• [Supplied material]:
□ □ □ □ □ □ □

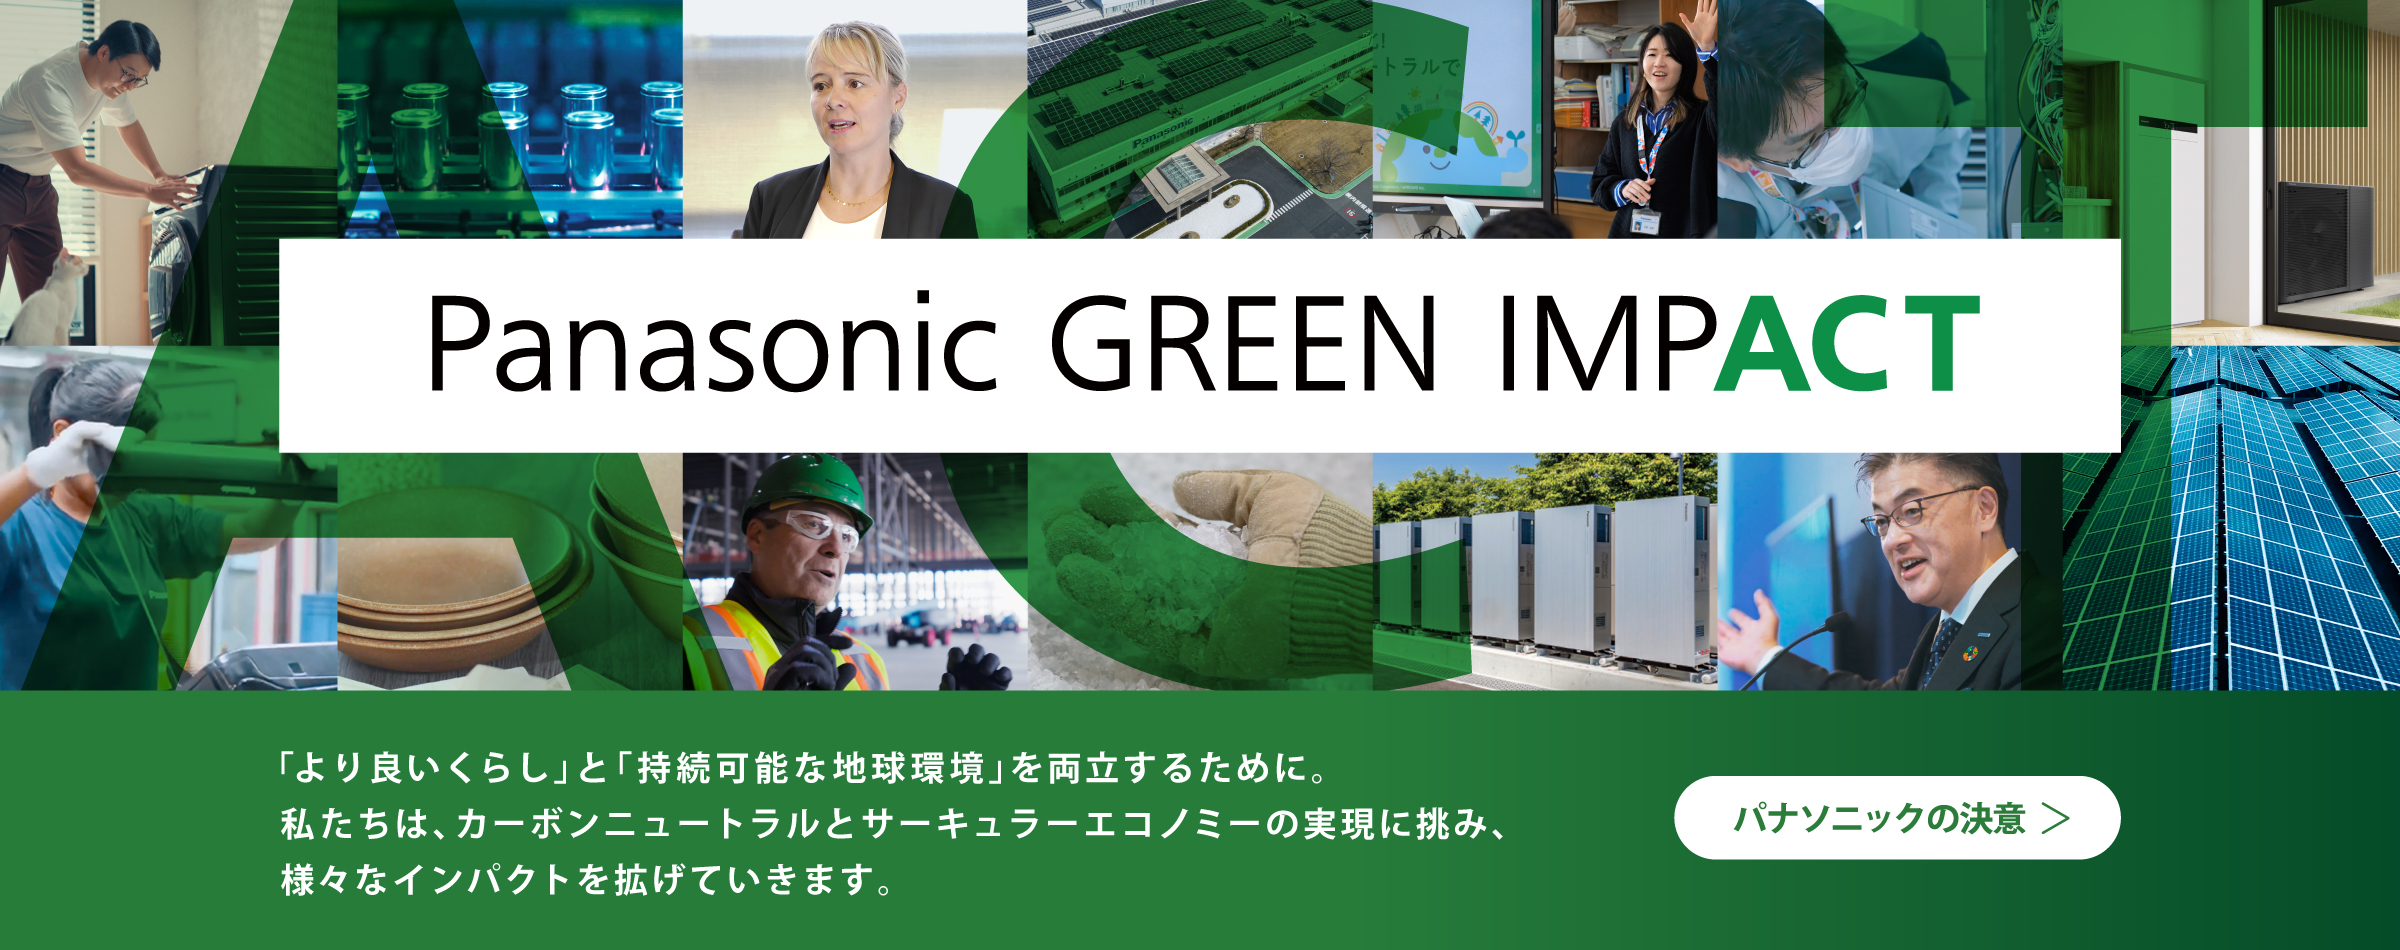 Panasonic GREEN IMPACT 「より良いくらし」と 「持続可能な地球環境」を両立するために。 私たちは、カーボンニュートラルと サーキュラーエコノミーの実現に挑み、様々なインパクトを拡げていきます。 パナソニックの決意​
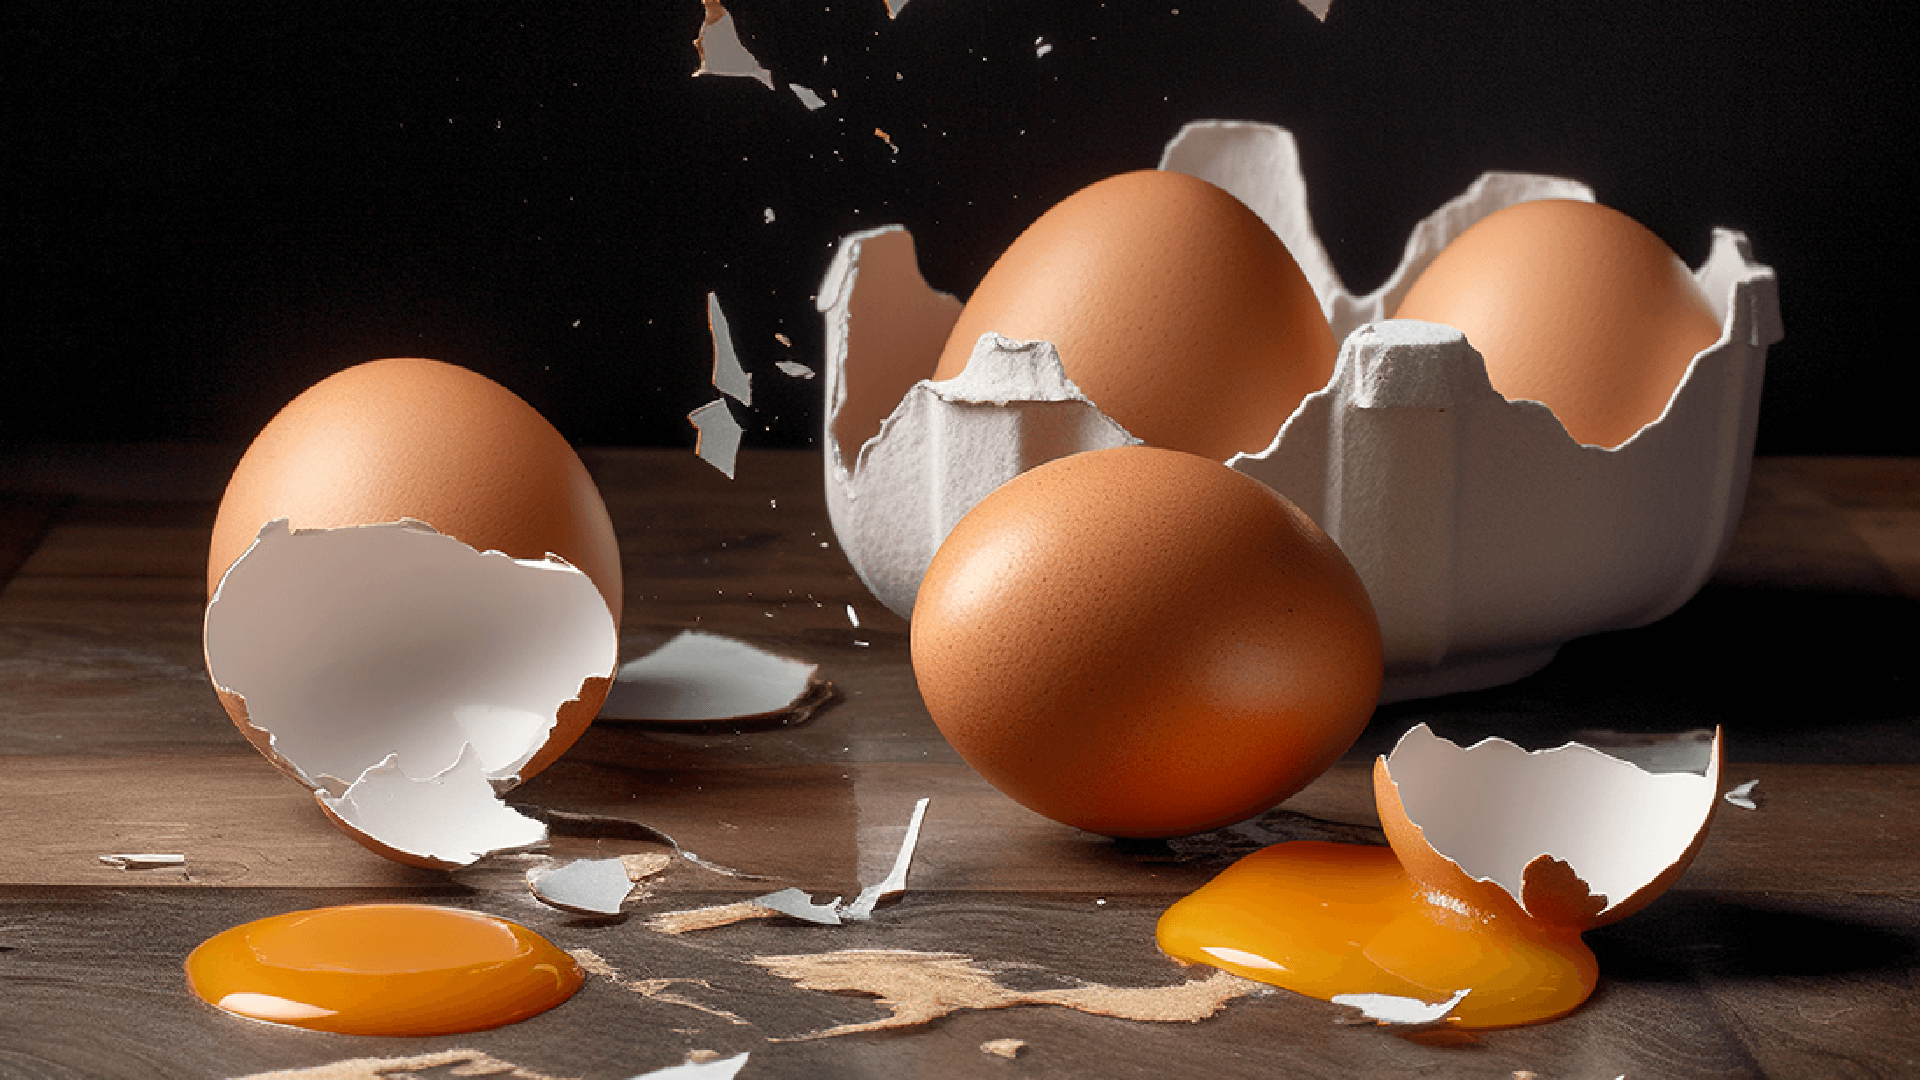 eggs in a carton with broken egg
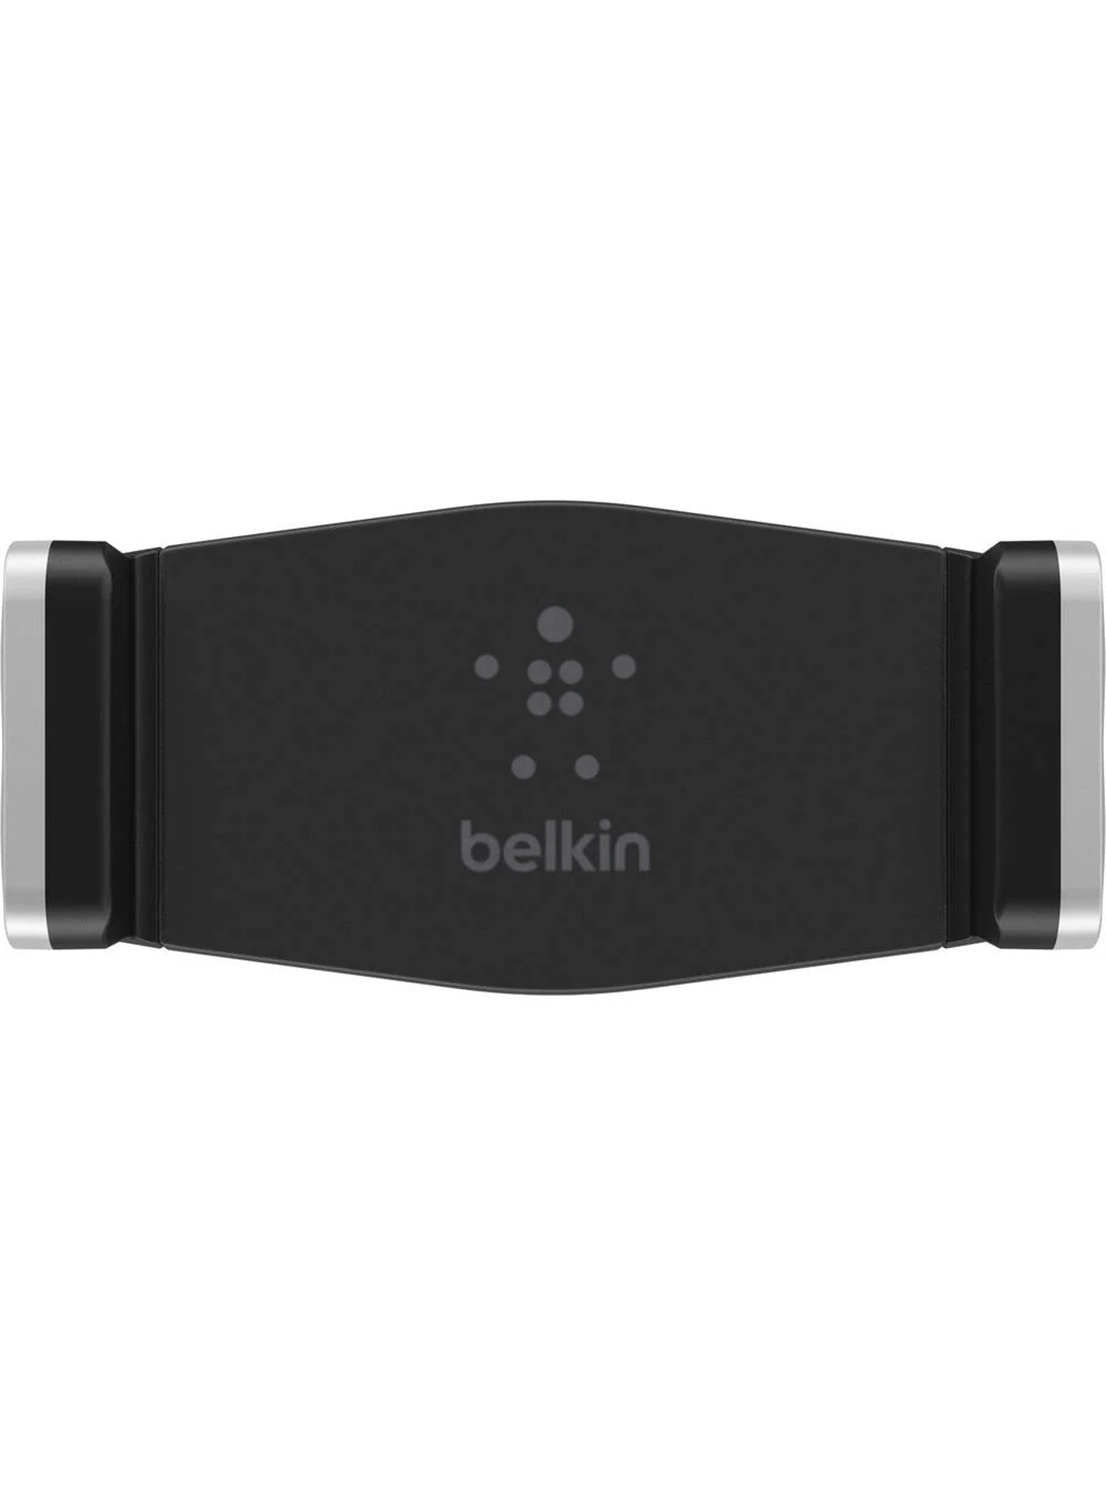 Belkin Auto Lüftungshalterung / Smartphone Halterung Silber (F7U017BT)

□ □ □ □ □ □ □

• [Assignment]: Reproduce, word for word, every line from the one that contains "eggs in a carton with broken egg" to the end of the data, including both ends; omit all pictures.

• [Output below]:
 eggs in a carton with broken egg
 Belkin Auto Lüftungshalterung / Smartphone Halterung Silber (F7U017BT)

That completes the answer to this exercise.